Think of an AI’s processing as a tall building with many floors (layers). The researchers “inject” a small nudge (a steering vector) on certain floors so the AI leans toward a concept (like “blood” or “apple”). Then they ask the AI: “Did you detect an injected thought? If so, what was it about?”

They tried several setups to separate prompt-based guessing from true self-checking:

  • First-person vs. third-person:
    • First-person: The AI is the one being nudged and is asked about itself.
    • Third-person: The AI watches a pretend conversation with another AI (the target) and is asked if that other AI had a thought injected. If detection were only about reading the prompt and noticing something odd, first- and third-person detection should be similar.
  • Priming:
    • Sometimes, instead of the AI replying “Ok,” the researchers prefilled its reply with the injected word itself (like “Blood.”). This makes the prompt obviously odd and tests whether detection is just about noticing weird wording.
  • Prompt-only vs. continuous injection:
    • Sometimes the nudge happened only while the instruction was shown (prompt-only), and other times it stayed on while the AI kept talking (continuous).
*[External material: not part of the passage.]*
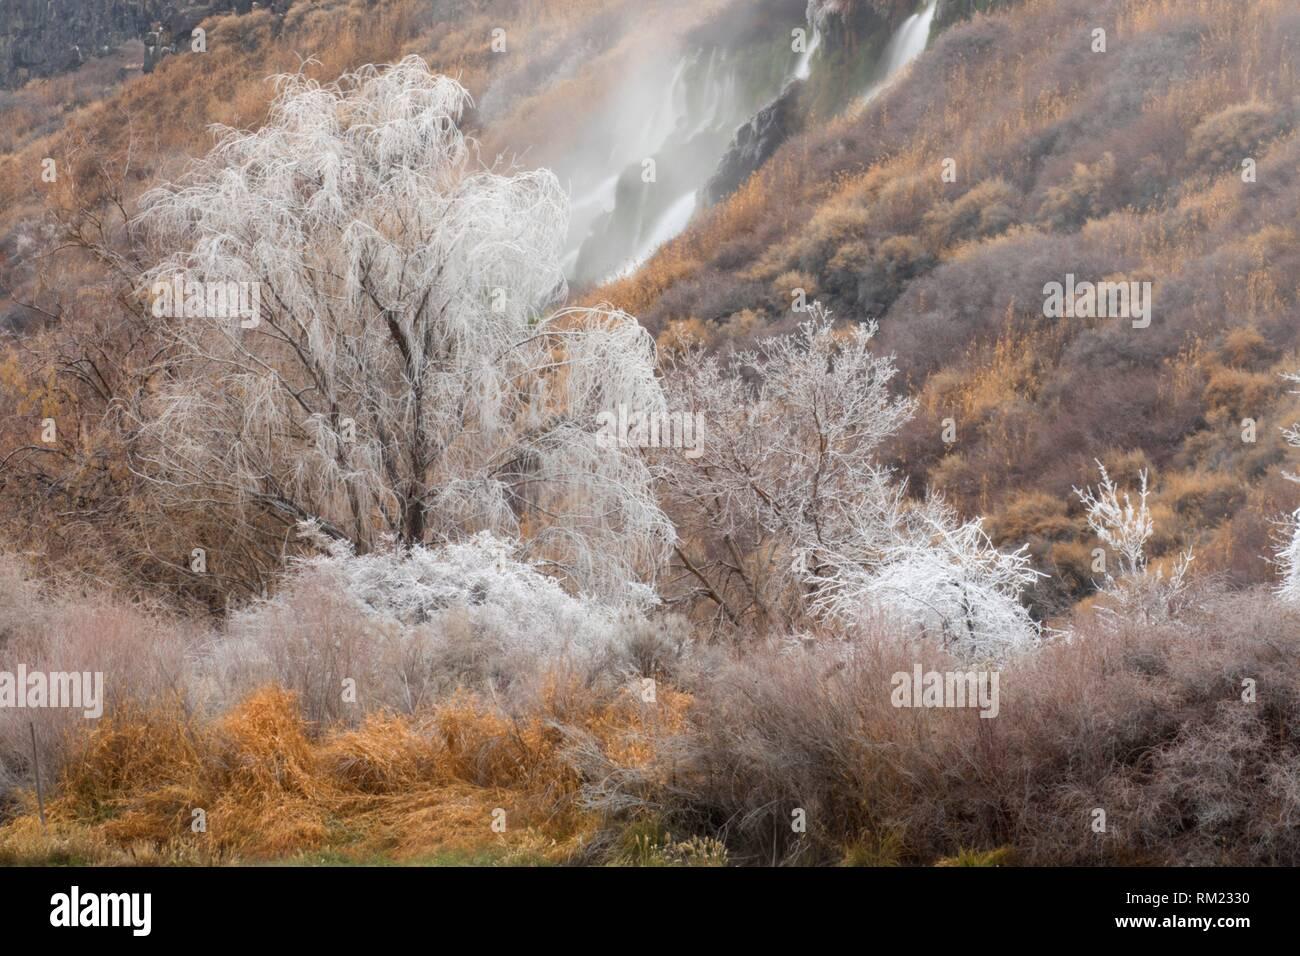 Cascata di ghiaccio spray, Thousand Springs State Park-Ritter Isola, Idaho. Immagini Stock

If detection and identifying the concept are different, turning the nudge off after the prompt might leave detection unchanged but make correct identification harder.
  • “Peeking under the hood” (logit lens):
    • This is like checking the AI’s internal “gut feeling” before it speaks. Even if the AI says “no,” we can see if its internal scores leaned “yes,” suggesting it felt something but didn’t say so.

They tested two very large open-source AIs across 821 different concepts.

What did they find, and why is it important?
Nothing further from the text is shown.